Tonight it begins! Garth Brooks' week-long, civic-minded, triumphant return to onstage extravagance kicks off in less than eight hours — meaning I'll be getting wasted and wearing a hat very, very soon. And I won't be doing it alone for a change, but
with friends... in low places. And by low places I mean the lower bowl of Bridgestone Arena (section 108 specifically). I'm hoping hard he opens his show by levitating to the stage. Seriously. Big artists should always try and reel in the crowd by putting their best foot forward right away, and in Garth's case that means feet off the ground. Fingers crossed. While Garth didn't need my help in promoting, then instantaneously selling out his nine-night Nashville run, I figured I'd do my part anyway and thus contributed the Critic's Pick below, pointing out the singer's absolute awesomeness for raising both the spirits of, and millions of dollars for, the fine people of Middle Tennessee. Speaking of pointing, when you get done skimming past my pick, click on after the jump to see an epic gallery of pictures of Garth pointing at people. I compiled it myself!

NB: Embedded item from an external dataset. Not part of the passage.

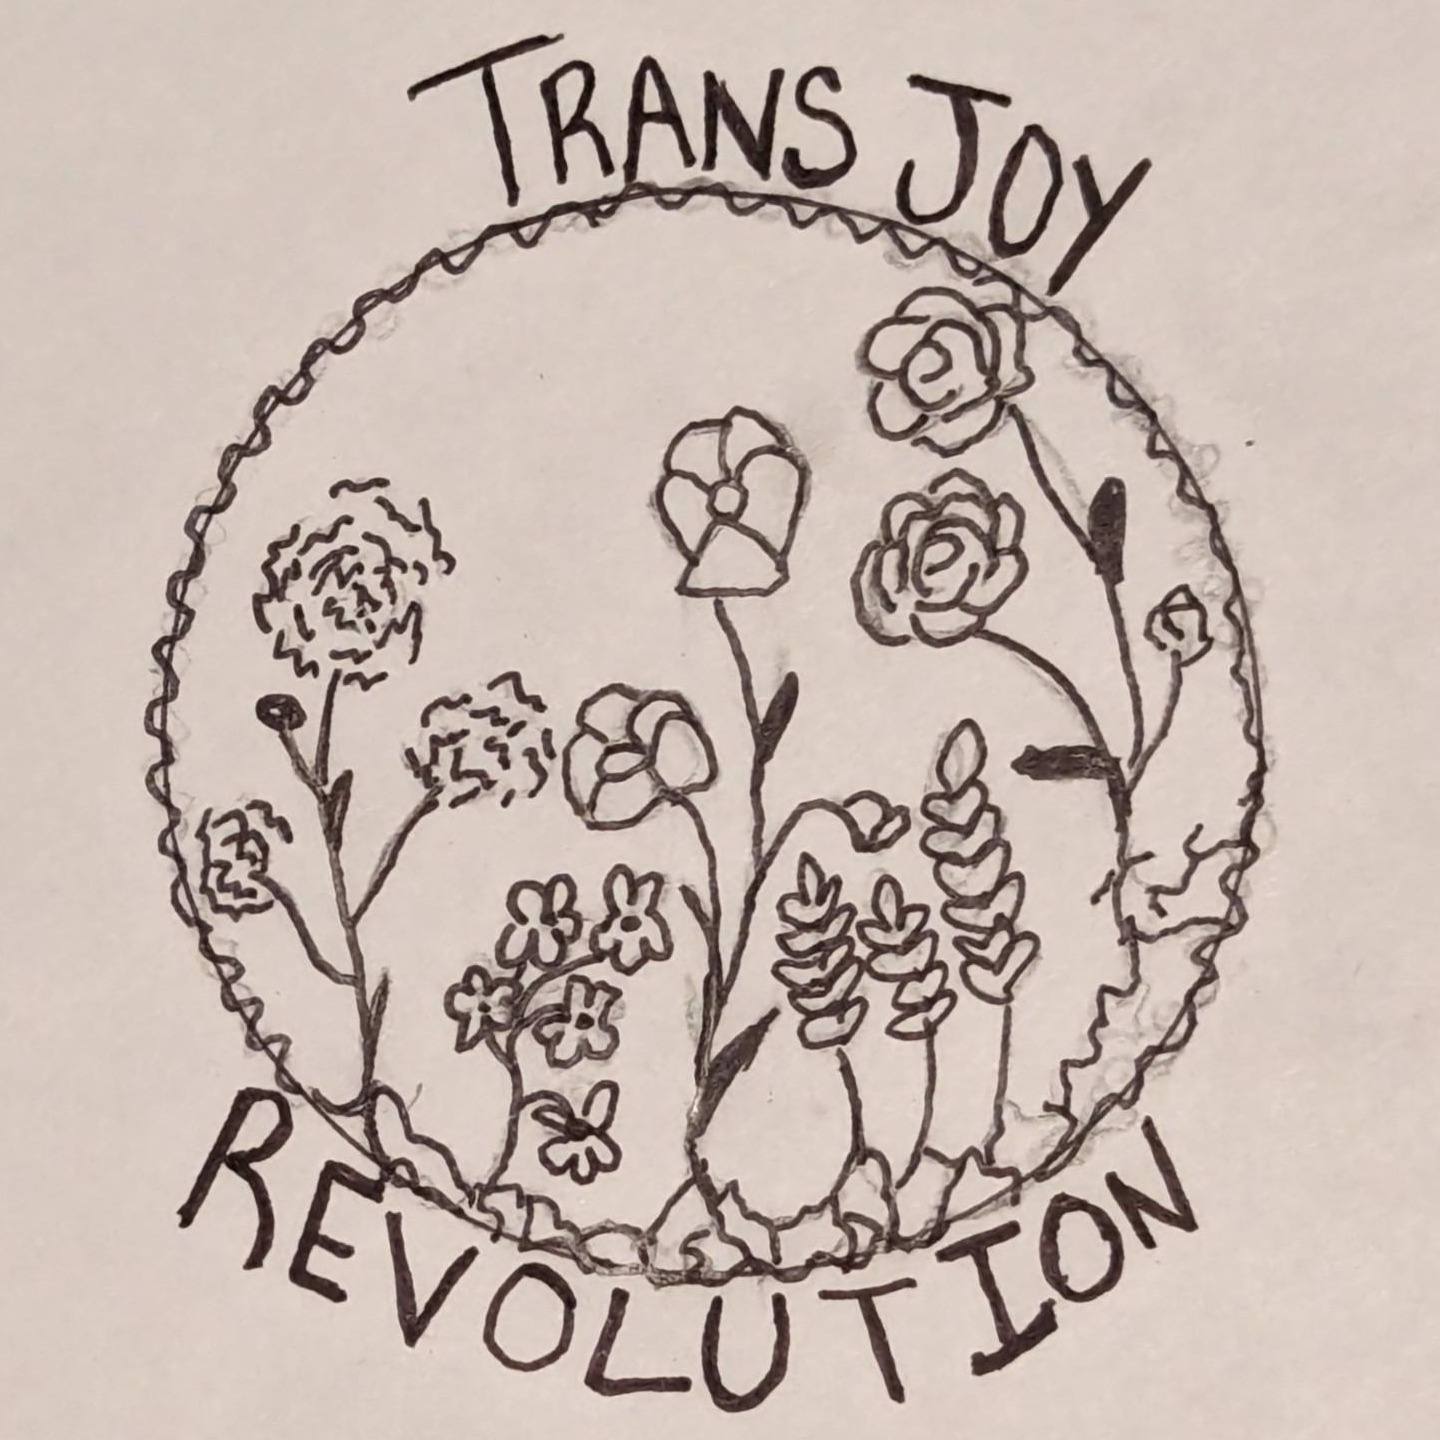 Trans Joy Revolution logo - flowers growing in a circle made of roots and vines with the words "Trans Joy Revolution"
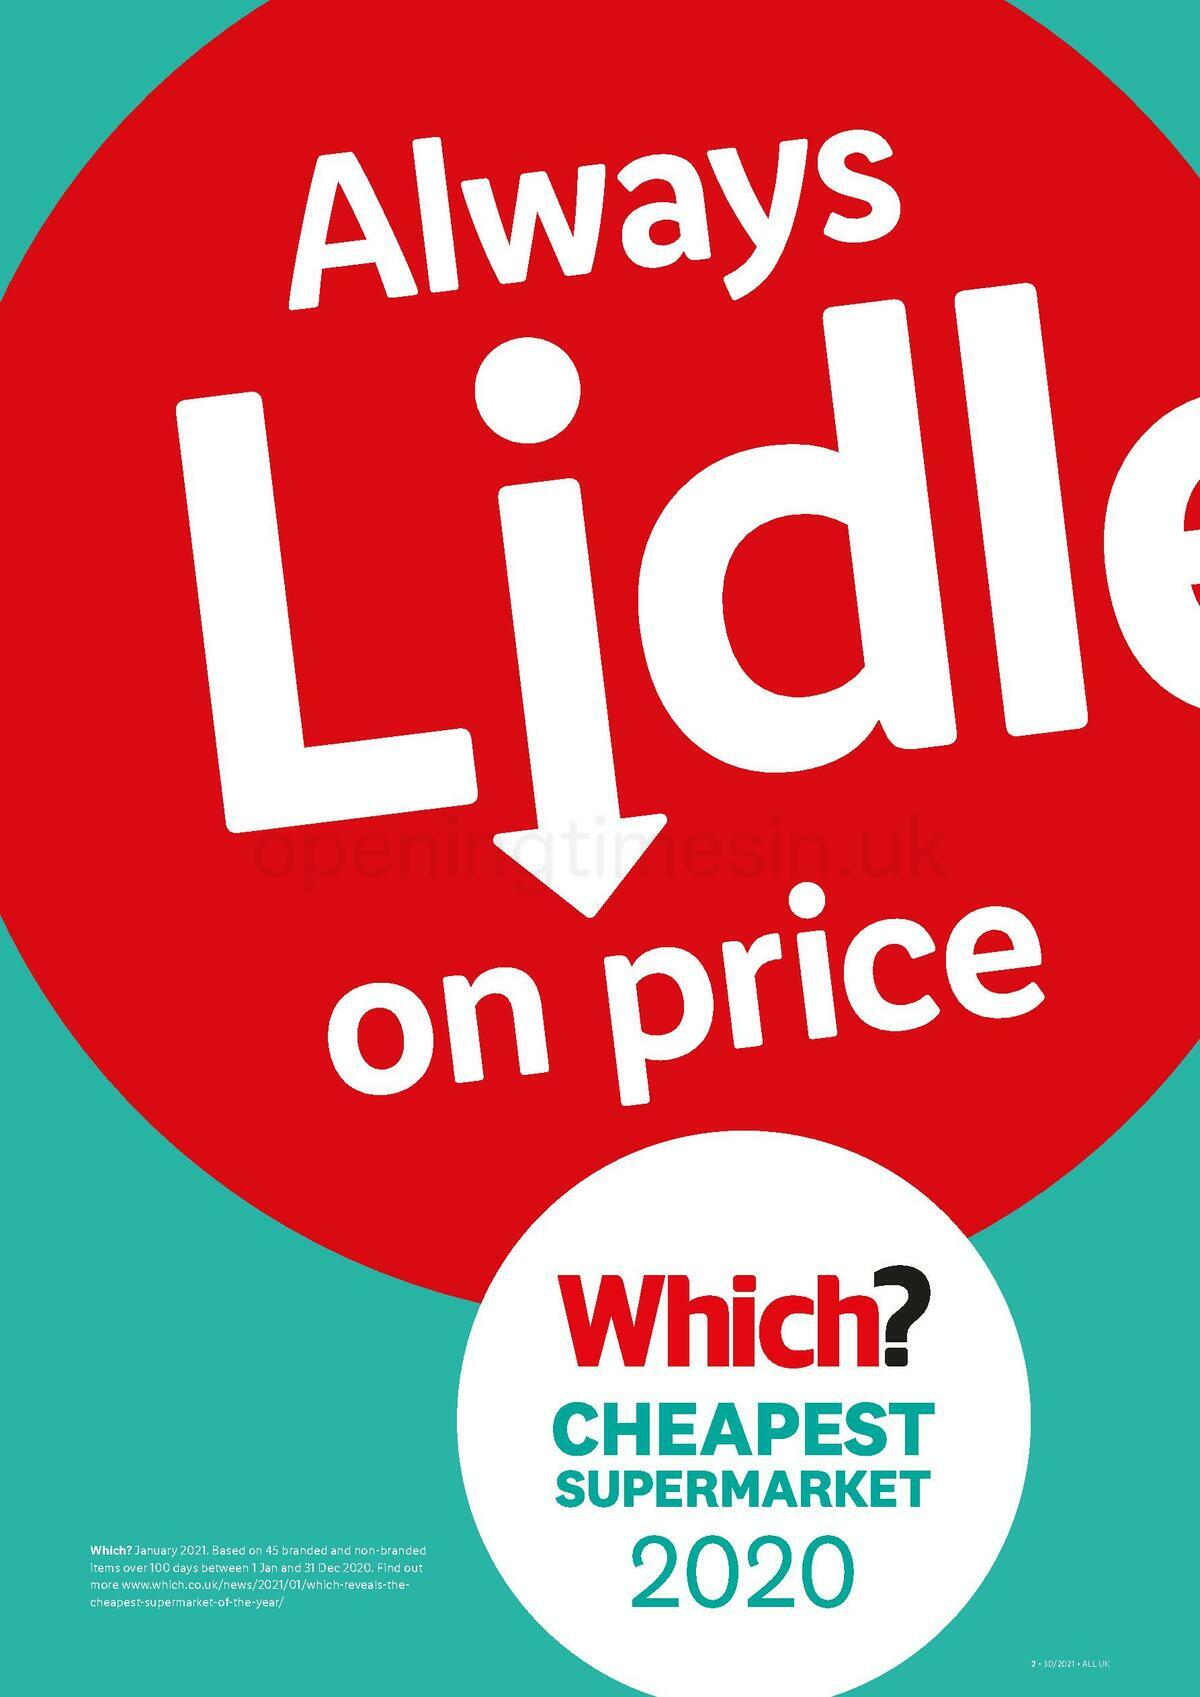 LIDL Offers from 29 July

Twenty years after playing valedictorian to country’s famed “Class of ’89,” Garth Brooks hasn’t forgotten his friends in low places … like Nashville. Brooks has never been a “cool” artist, but if raising $3.5 million in funds for Middle Tennessee flood relief isn’t cool, then what is? That’s how much the sympathetic singer raised when he sold out this nine-show residency at Bridgestone Arena — doubling down on a statewide single-day sales record set years ago by Michael Jackson. Not only is Garth stepping up — maybe even flying — to help out Nashvillians in their hour of need, he’s essentially coming out of retirement to do it. Brooks took an indefinite furlough from the road to focus on family life and hasn’t performed a proper concert in Music City since 1998. While he has spent the last year putting on a one-man show to crowds in Vegas, the singer has promised this Nashville nine-off will be a full-fledged return to the full-band, stadium-sized spectacle of Copperfield-worthy acrobatics, KISS-trumping pyrotechnics and heart-stopping victory lap of hits, hats and headset mics that made him the Springsteen of cross-over country. Since stadium country is the house that Brooks built — and since this is the only such extravaganza on Brooks’ books for the foreseeable future — keep your fingers crossed promoters release more tickets. Don’t forget to tuck in your two-toned button-down!